Tuesday, September 22, 2015

[Belajar Bersyukur]

Entah harus malu, segan, atau kagum.

Tebet-Senopati-Depok-Tebet.
07.00 - 23.00.

Belum genap seminggu punya rutinitas baru seperti itu. 
Sudah terlintas rasa lelah, telah teruntai langkah yang melemah. 
Katanya, rasa letih telah menyerang badan.

Katanya, ada beban ekspektasi di kantor. 
Katanya, masih ada juga tanggung jawab organisasi. 
Katanya, belum lagi skripsi yang masih menanti penyelesaiannya.

Entah harus malu, segan, atau kagum.

Lantas terhenyak dengan sosok pemimpin keluarga yang melintas di pikiran.
Entah belasan hingga puluhan tahun menjalani rutinitas yang serupa.
Berangkat pagi, pulang pagi, belum lagi jika ternyata harus tidak pulang.
Beban ekspektasi di kantor bahkan sama sekali tidak seberapa.
Apabila dibandingkan dengan beban menafkahi anggota keluarga yang menjadi tanggungannya.
Bukan hidup sekedar hidup, tapi anggota keluarga dapat hidup berkecukupan yang jadi harapannya.

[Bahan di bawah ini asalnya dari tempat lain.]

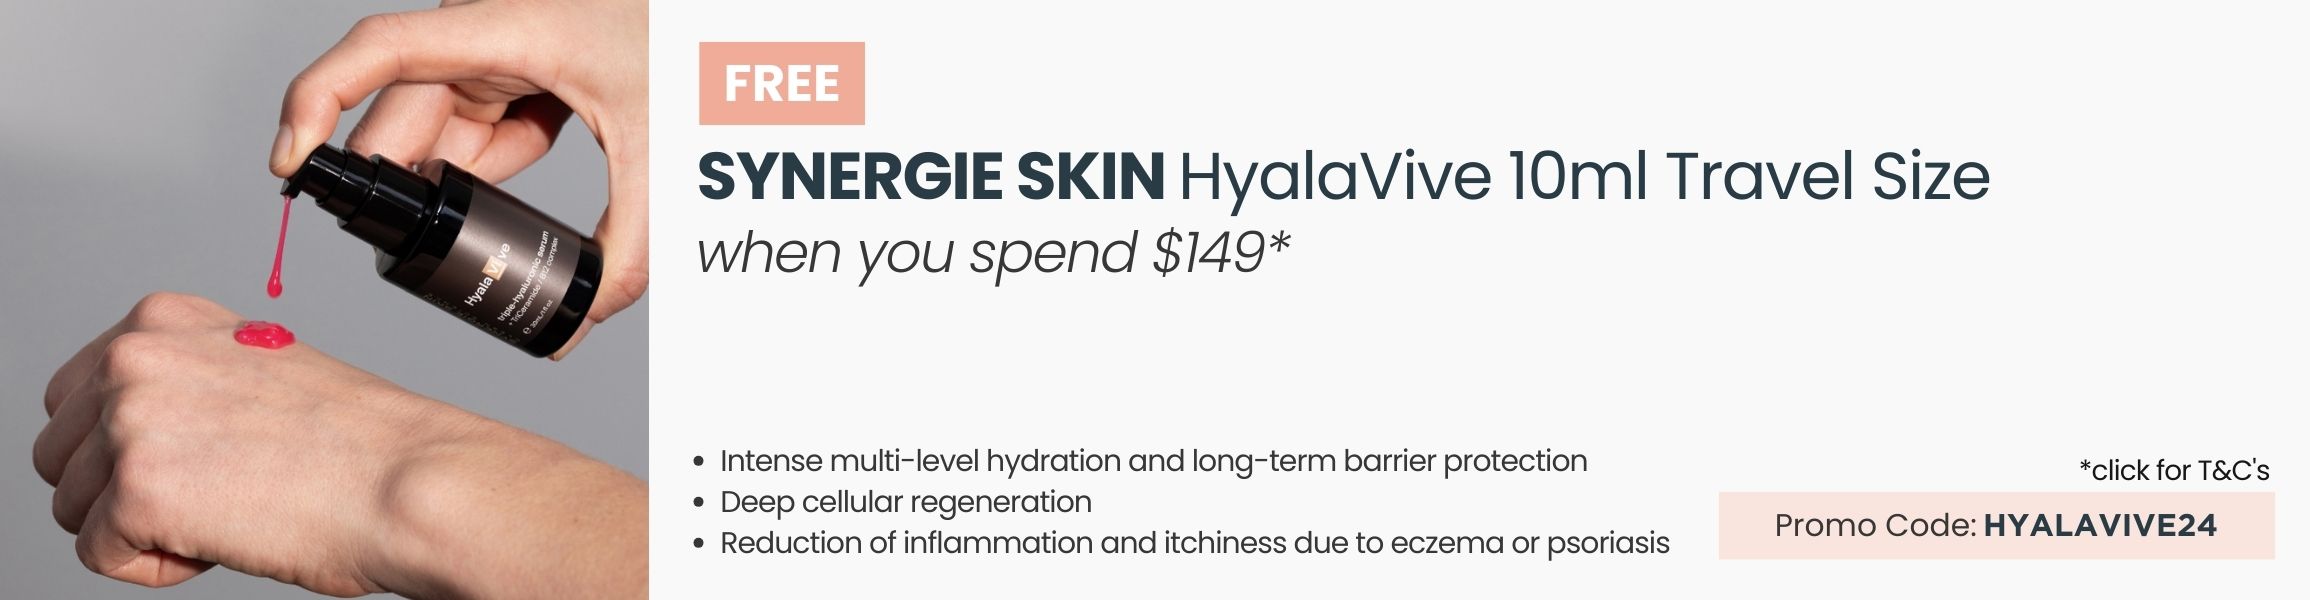 FREE Synergie Skin HyalaVive 10ml Travel Size.  Min spend $149. Promo Code HYALAVIVE24

Entah harus malu, segan, atau kagum.

Jika membayangkan beratnya beban yang harus ditanggung olehnya.
Jika memikirkan "balasan" apa yang selama ini mampu saya berikan.
Entahlah, tak terpikirkan "kekuatan"apa yang selama ini mampu menjaga semangatnya.
Belum lagi jika melihat para "working mother" dengan segala kewajibannya.
Belum pula jika melihat para "single parent " dengan segala keterbatasannya.

Entah harus malu, segan, atau kagum.

Mungkin, ini saatnya belajar "menunjukkan" rasa terima kasih.
Mungkin, ini saatnya belajar bersyukur.